La empresa no solo vende maquinaria, sino que ofrece un servicio continuado que ya representa el 30% de la facturación del grupo. El 70% restante lo aportan las nuevas instalaciones.
En las granjas cántabras ya hay 180 robots instalados
Hay una regla interna que define el ritmo de crecimiento: por cada 30 robots nuevos instalados hace falta un técnico más que, como ocurre en otros sectores, cuesta encontrar por la escasez de mano de obra especializada. Y es que la formación de un operario capaz de diagnosticar una avería a las tres de la madrugada, solo, frente a una máquina que no puede parar, lleva casi un año. Para ello buscan perfiles de formación profesional en electromecánica o electricidad, que escasean. “Era más fácil hace diez años”, reconoce Óscar.

En 2025, el grupo abrió delegaciones en A Coruña y en Cataluña, que se suman a las instalaciones de Polanco y Asturias. El objetivo es contar con una estructura física en cada territorio donde opera.
El reto pendiente está en las granjas XL, explotaciones de más de 500 vacas que empiezan a aparecer en Aragón y Cataluña. Son proyectos en los que en lugar de una o dos máquinas hay que instalar diez, quince, veinte o, incluso, cuarenta.
En Cantabria no existen macrogranjas, pero ya hay 180 robots funcionando.
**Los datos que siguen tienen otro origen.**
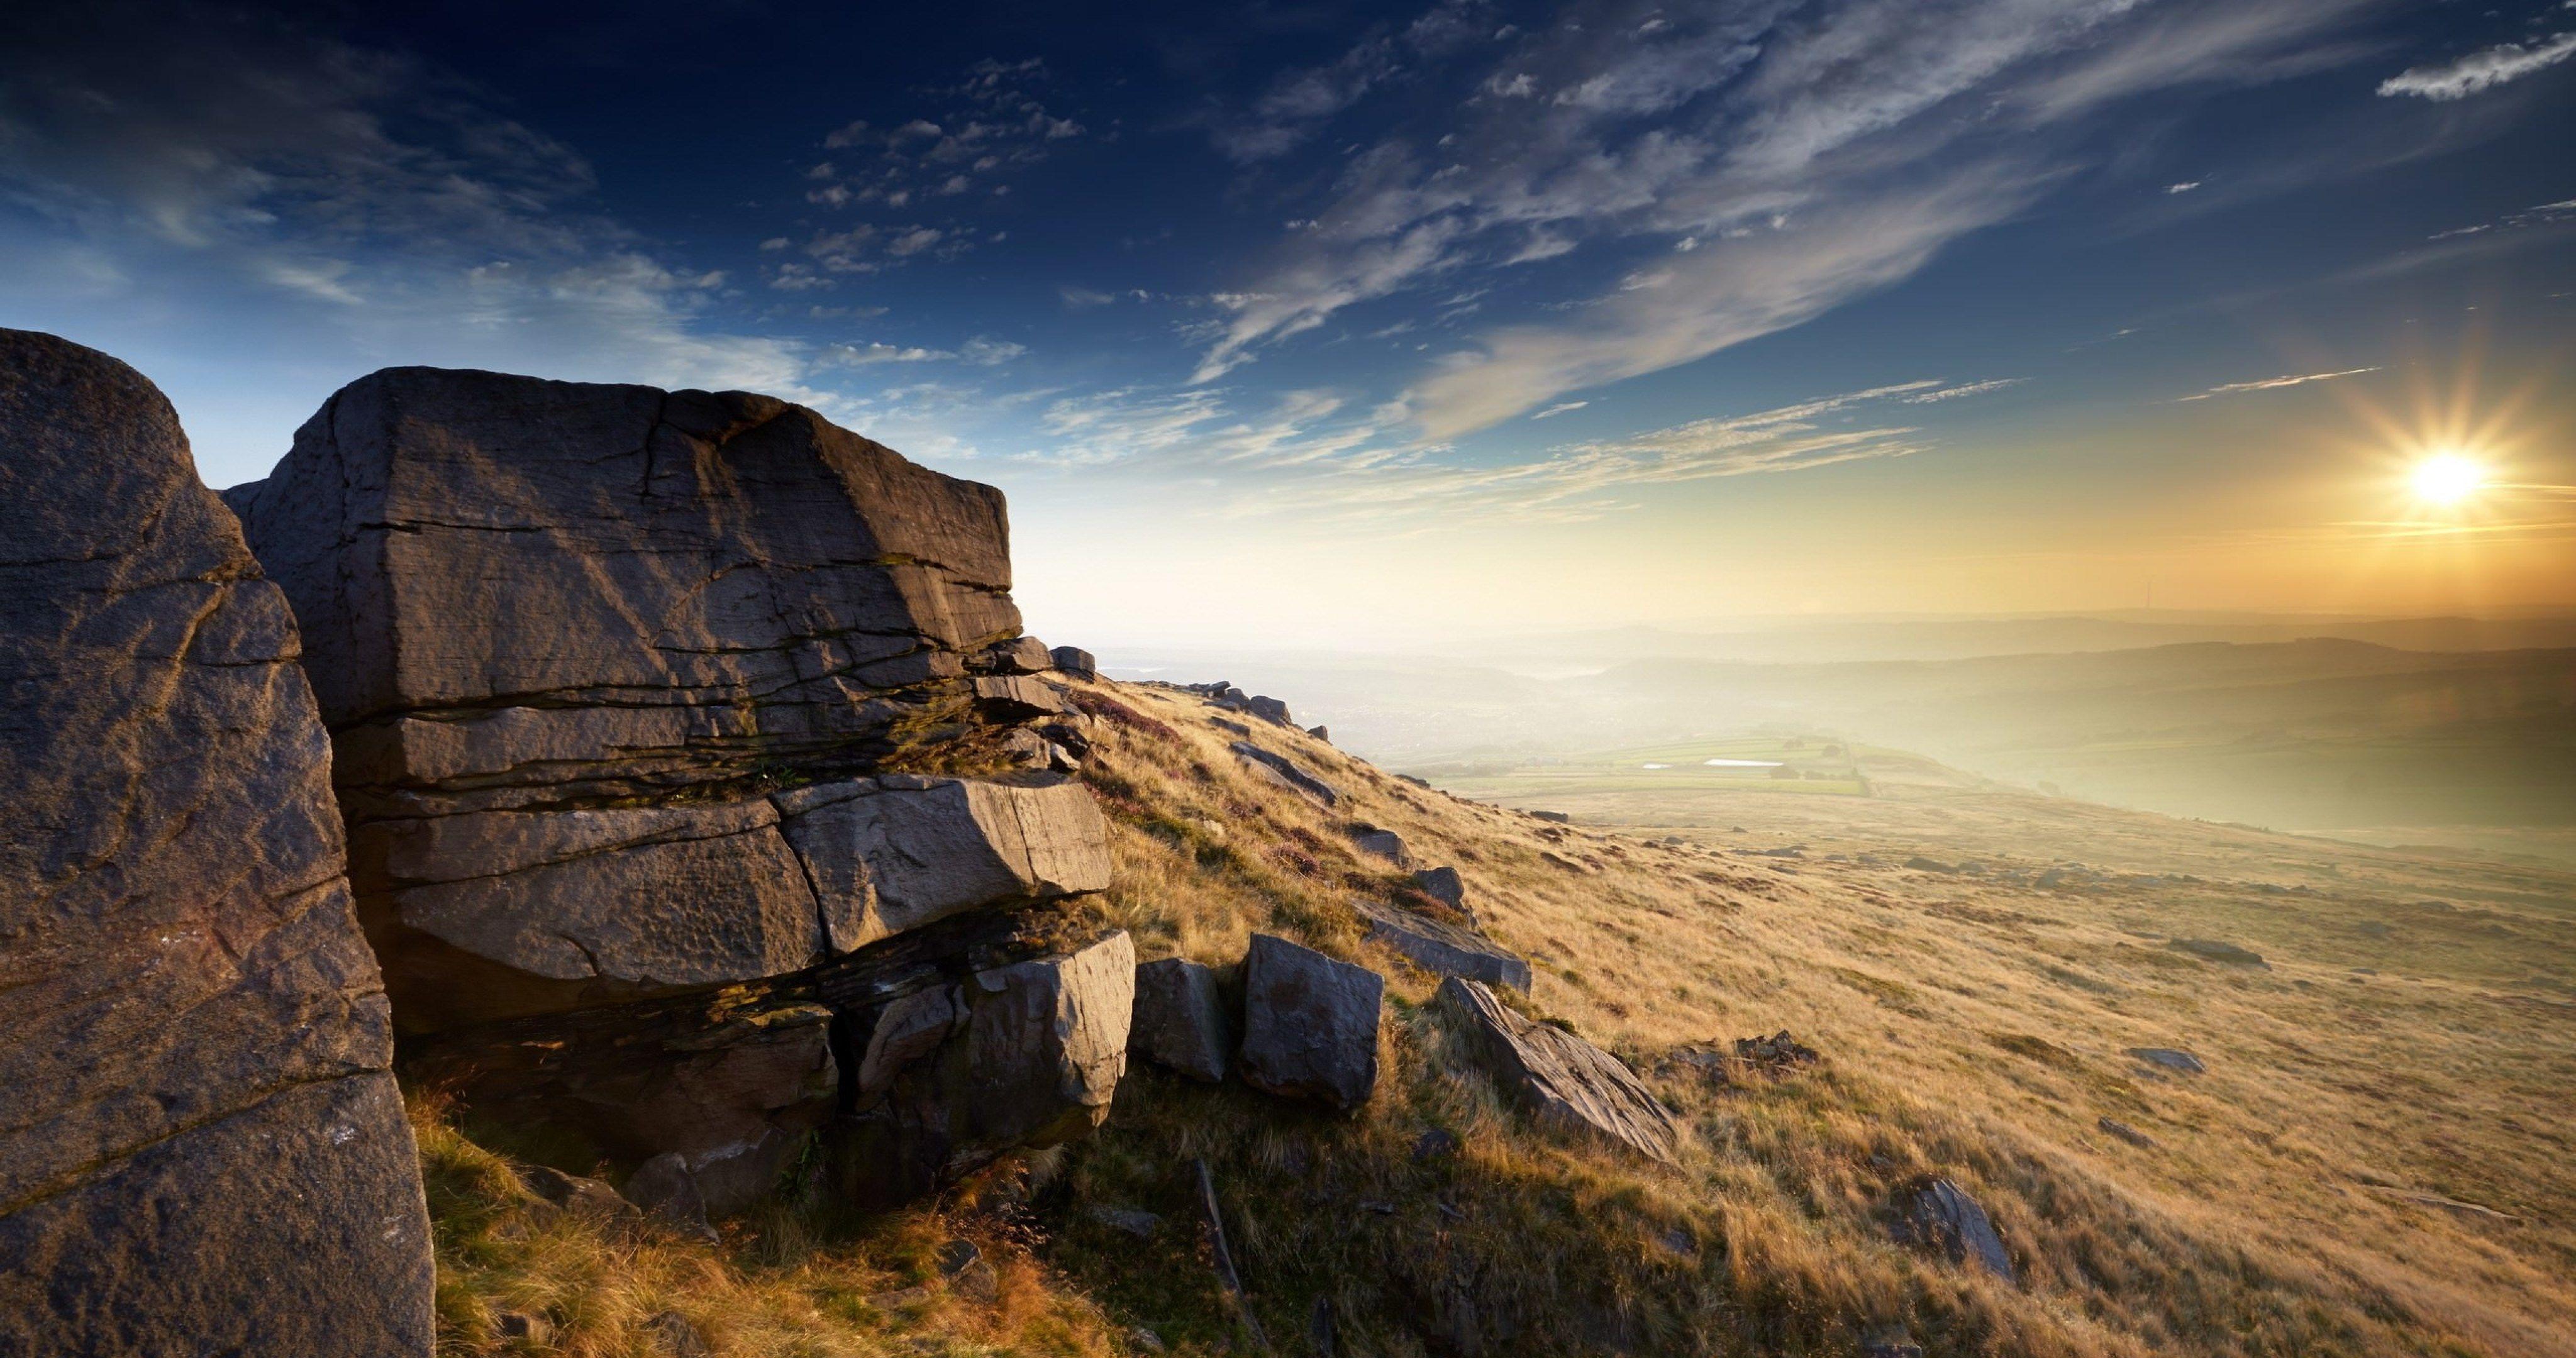 Sunset Mountain Landscape 4k Ultra Hd Wallpaper Mountain

La explotación más grande de la región dispone de cinco, cada una capaz de atender a unas 60 vacas.
Un cambio “radical”
Este proceso de automatización no se detiene, porque el cambio que provoca un robot en una granja “es radical”, afirman. Antes, el ganadero estaba atado a ordeñar dos veces al día, mañana y tarde. Ahora, gracias a la máquina, las vacas se ordeñan solas tres o cuatro veces al día, cuando sienten esa necesidad. Eso tiene una consecuencia directa en la producción –más leche– y otra en la vida del ganadero: “Ya no hay que ordeñar de forma esclava”.
El robot, además, cuenta con sensores que registran en tiempo real la producción de cada vaca, detectan si hay sangre o signos de mastitis, monitorizan la rumia y pesan al animal en cada visita. Si algo cambia, el sistema avisa. “De esta forma, el ganadero dispone de muchísima más información para llevar su negocio”, resume Óscar.
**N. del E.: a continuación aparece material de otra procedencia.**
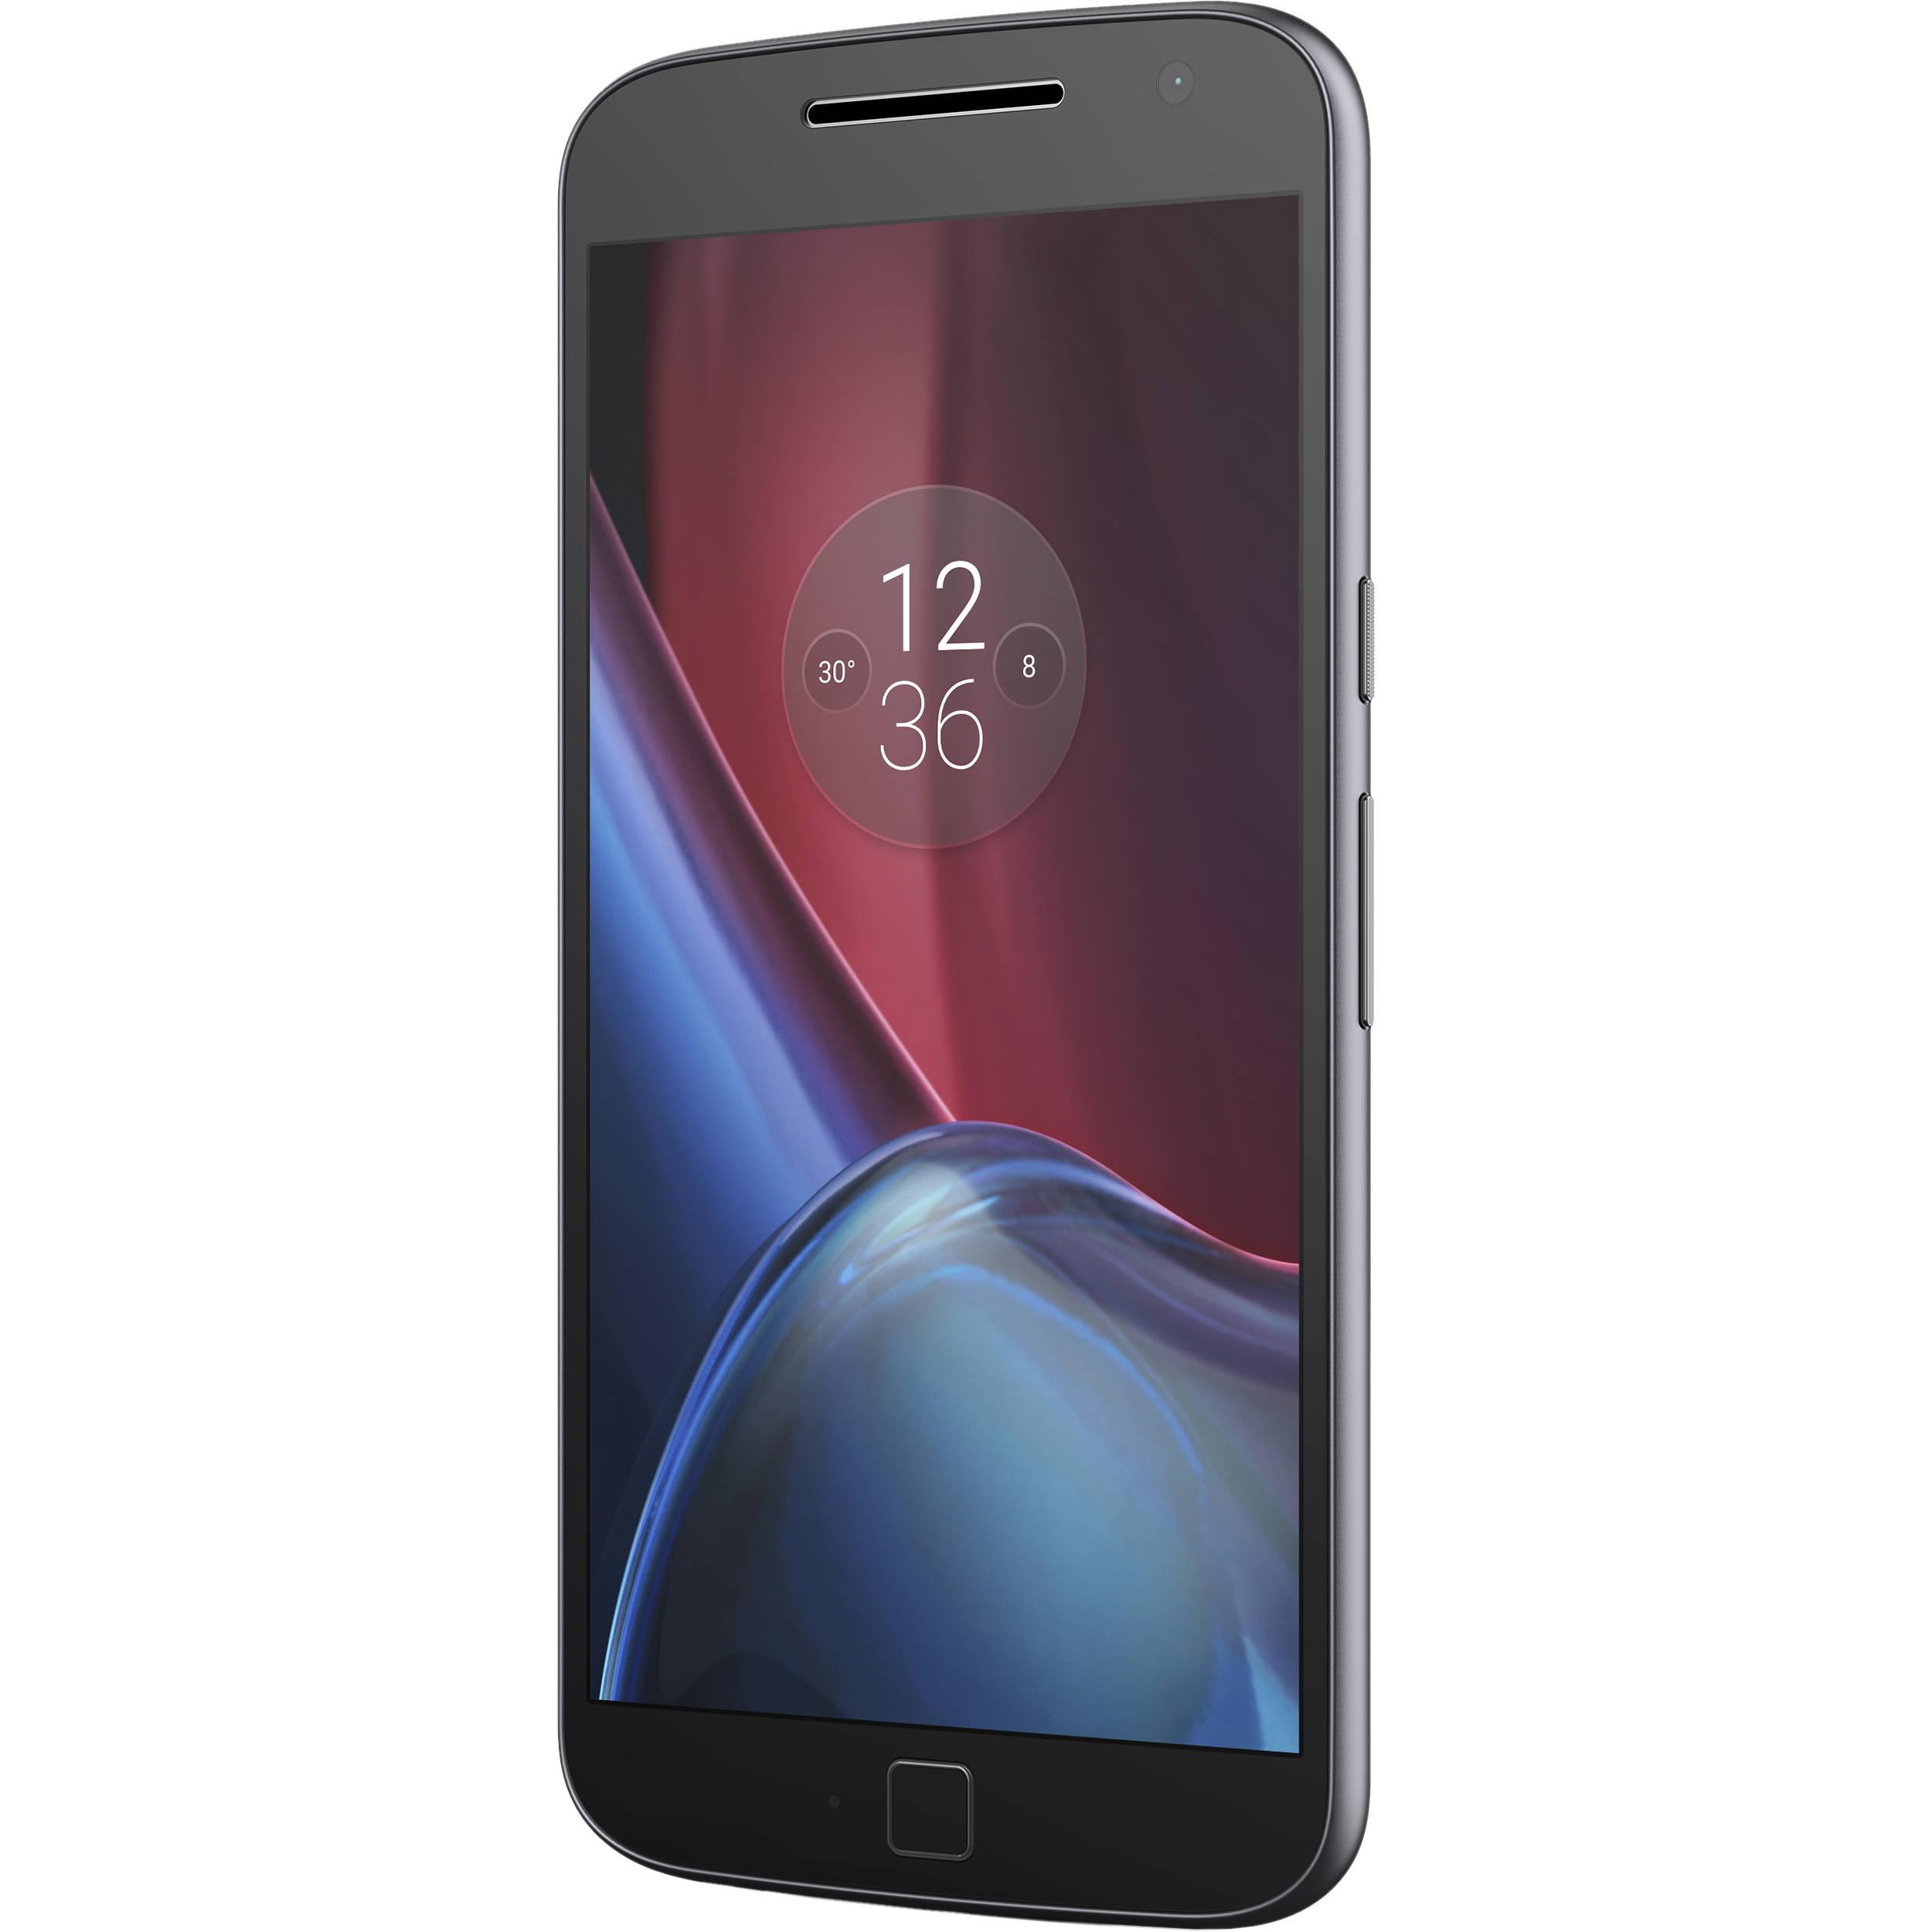 c2af1e067 Used Moto Moto G Plus XT1644 4th Gen. 64GB Smartphone 00967NARTL

Todo eso tiene un impacto directo en el relevo generacional, uno de los problemas más acuciantes del sector. Y es que la ganadería cada vez está más envejecida. “La gente joven que se incorpora probablemente no lo haría si no hay explotación con sistemas automatizados”, reflexiona Óscar. No hablamos solo comodidad, también de viabilidad.
El acceso a estas máquinas, sin embargo, depende en gran medida de algo que Agrotec no controla. La mayoría de estas inversiones van ligadas a los planes de mejora de las consejerías de Agricultura, financiados con fondos europeos. Sin esas ayudas, muchas granjas familiares no podrían asumir el coste.
Pero el futuro parece que va en una dirección clara. Dentro de diez años, la ganadería del norte de España tendrá menos explotaciones y más grandes: “Hay muchos con más de 55 años y se van a producir agrupaciones de granjas, porque el ganadero joven va a alquilar o comprar la del vecino”, pronostican los Entrecanales.
Menos ganaderos, más robots, más datos, más leche por animal… Es el camino que ha marcado Galicia, donde la concentración se ha acelerado desde hace años. Llegados a este punto, la pregunta ya no es si el campo se va a automatizar casi por completo, sino a qué velocidad lo hará.